From Troyes, Napoleon despatched to Paris another aide-de-camp, General Girardin, who is said to have carried orders for defending the city to the last, and at all risks – an accusation, however, which, considering the mass of unimaginable mischief that such an order must have involved, is not to be received without more proof than we have been able to obtain.

On the 30th March, Napoleon left Troyes, and, finding the road entirely unoccupied by the enemy, threw himself into a post-carriage, and travelled on at full speed before his army, with a very slight attendance. Having in this way reached Villeneuve L'Archeveque, he rode to Fontainbleau on horseback, and though it was then night, took a carriage for Paris, Berthier and Caulaincourt accompanying him. On reaching an inn, called La Cour de France, at a few miles' distance from Paris, he at length met ample proof of his misfortune in the person of General Belliard, with his cavalry. The fatal intelligence was communicated.

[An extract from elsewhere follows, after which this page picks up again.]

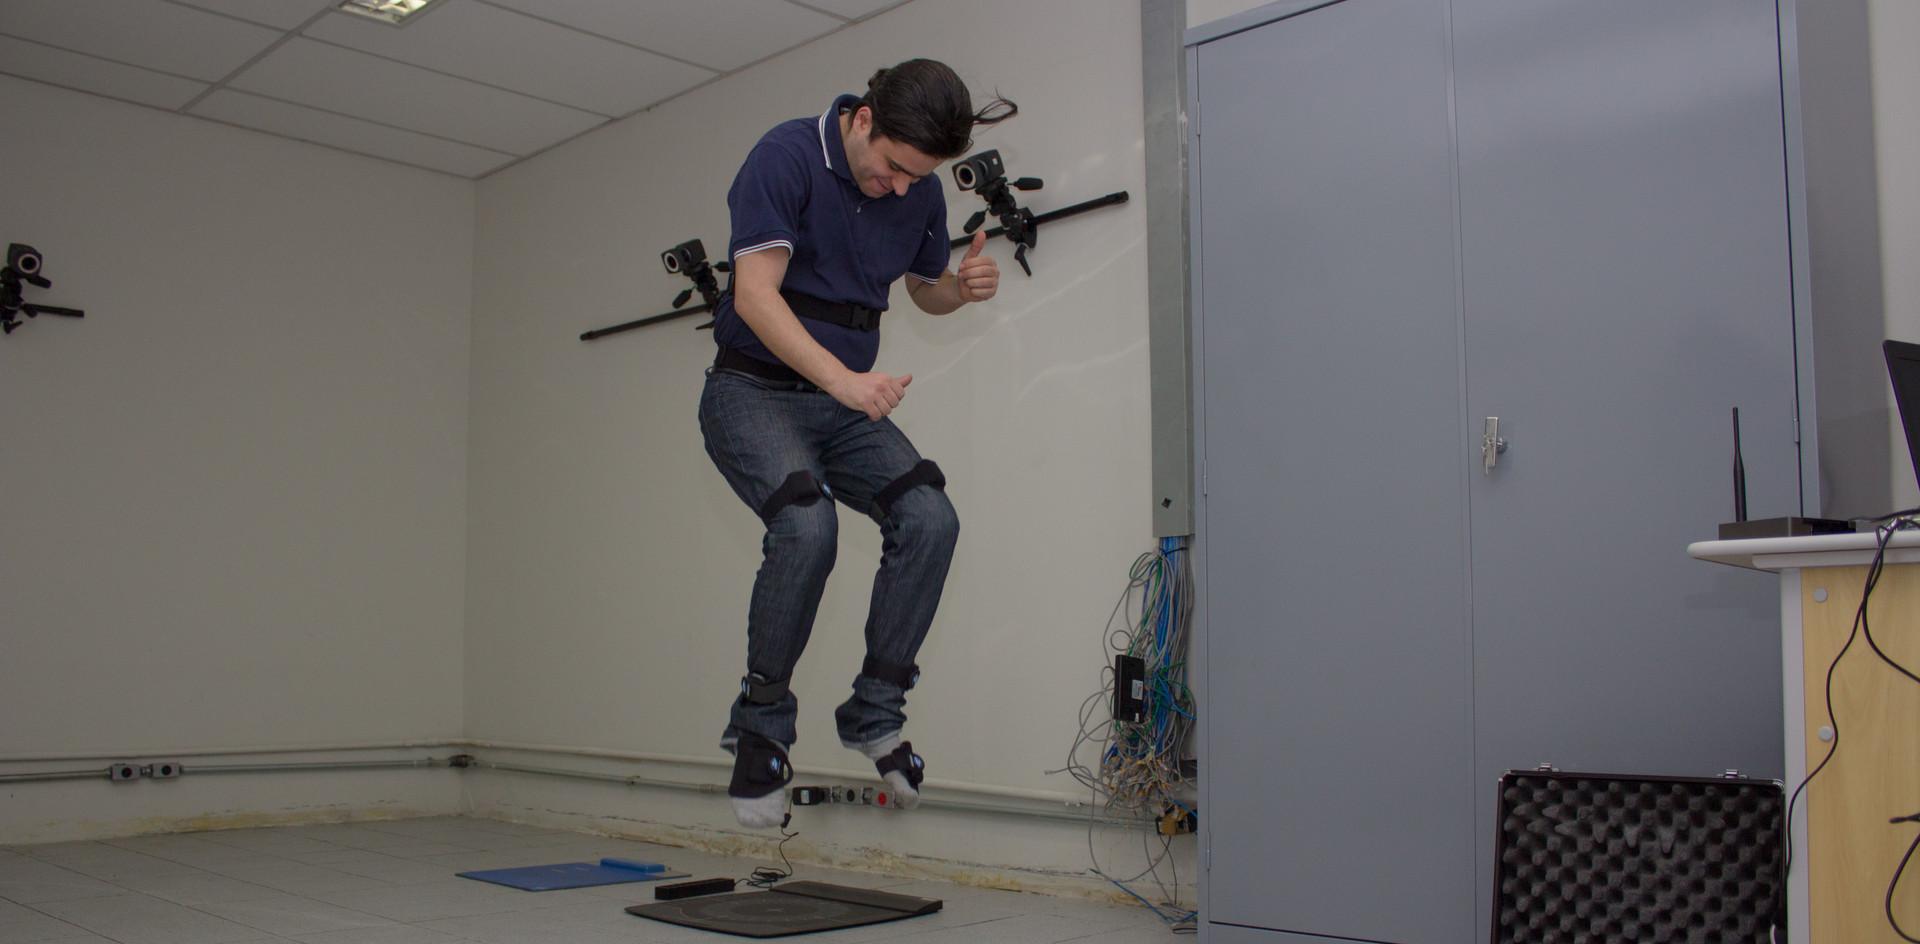 Laboratório de Movimento e Equilíbrio A missão do Laboratório de Movimento e Equilíbrio (LME) é ser um centro de excelência em pesquisa na área de avaliação funcional. O LME estuda a dinâmica do movimento em 3D, e do equilíbrio do sistema músculo esquelético por meio da avaliação baropodométrica e estabilométrica. Desta forma objetiva-se identificar fatores de risco de lesões relacionadas com desajustes do movimento e do equilíbrio, visando manter a saúde e a realização das atividades diárias dos indivíduos. O LME realiza baropodometria computadorizada, avaliação proprioceptiva, análise muscular por eletromiografia de superfície e análise do movimento em 3D. Os projetos de P&D&I são coordenados por pesquisadores doutores e realizados com a participação de alunos de iniciação científica, mestrandos e doutorandos.

CONVERSATION WITH BELLIARD

Leaping from his carriage, Napoleon turned back with Belliard, exclaiming – "What means this? Why here with your cavalry, Belliard? And where are the enemy?" – "At the gates of Paris." – "And the army?" – "It is following me." – "Where are my wife and son? – Where Marmont? – Where Mortier?" – "The Empress set out for Rambouillet, and thence for Orleans. The maréchals are busy completing their arrangements at Paris." He then gave an account of the battle; and Napoleon instantly ordered his carriage for Paris. They had already proceeded a mile and a half on the road. The same conversation proceeded, and we give it as preserved, because it marks the character of the principal personage, and the tone of his feeling, much better than these can be collected from his expressions upon more formal occasions, and when he had in view some particular purpose.31

General Belliard reminded him there were no longer any troops in Paris. "It matters not," said Napoleon; "I will find the national guard there. The army will join me to-morrow, or the day after, and I will put things on a proper footing." – "But I must repeat to your Majesty, you cannot go to Paris. The national guard, in virtue of the treaty, mount guard at the barriers, and though the allies are not to enter till seven o'clock in the morning, it is possible they may have found their way to the outposts, and that your Majesty may find Russian or Prussian parties at the gates, or on the Boulevards." – "It is all one – I am determined to go there – My carriage! – Follow me with your cavalry." – "But, Sire, your Majesty will expose Paris to the risk of storm or pillage. More than 20,000 men are in possession of the heights – for myself, I have left the city in consequence of a convention, and cannot therefore return." – "What is that convention? who has concluded it?" – "I cannot tell, Sire; I only know from the Duke of Treviso that such exists, and that I must march to Fontainbleau." – "What is Joseph about? – Where is the minister at war?" – "I do not know; we have received orders from neither of them during the whole day. Each maréchal acted on his own responsibility. They have not been seen to-day with the army – At least not with the Duke of Treviso's corps." – "Come, we must to Paris – nothing goes right when I am absent – they do nothing but make blunders."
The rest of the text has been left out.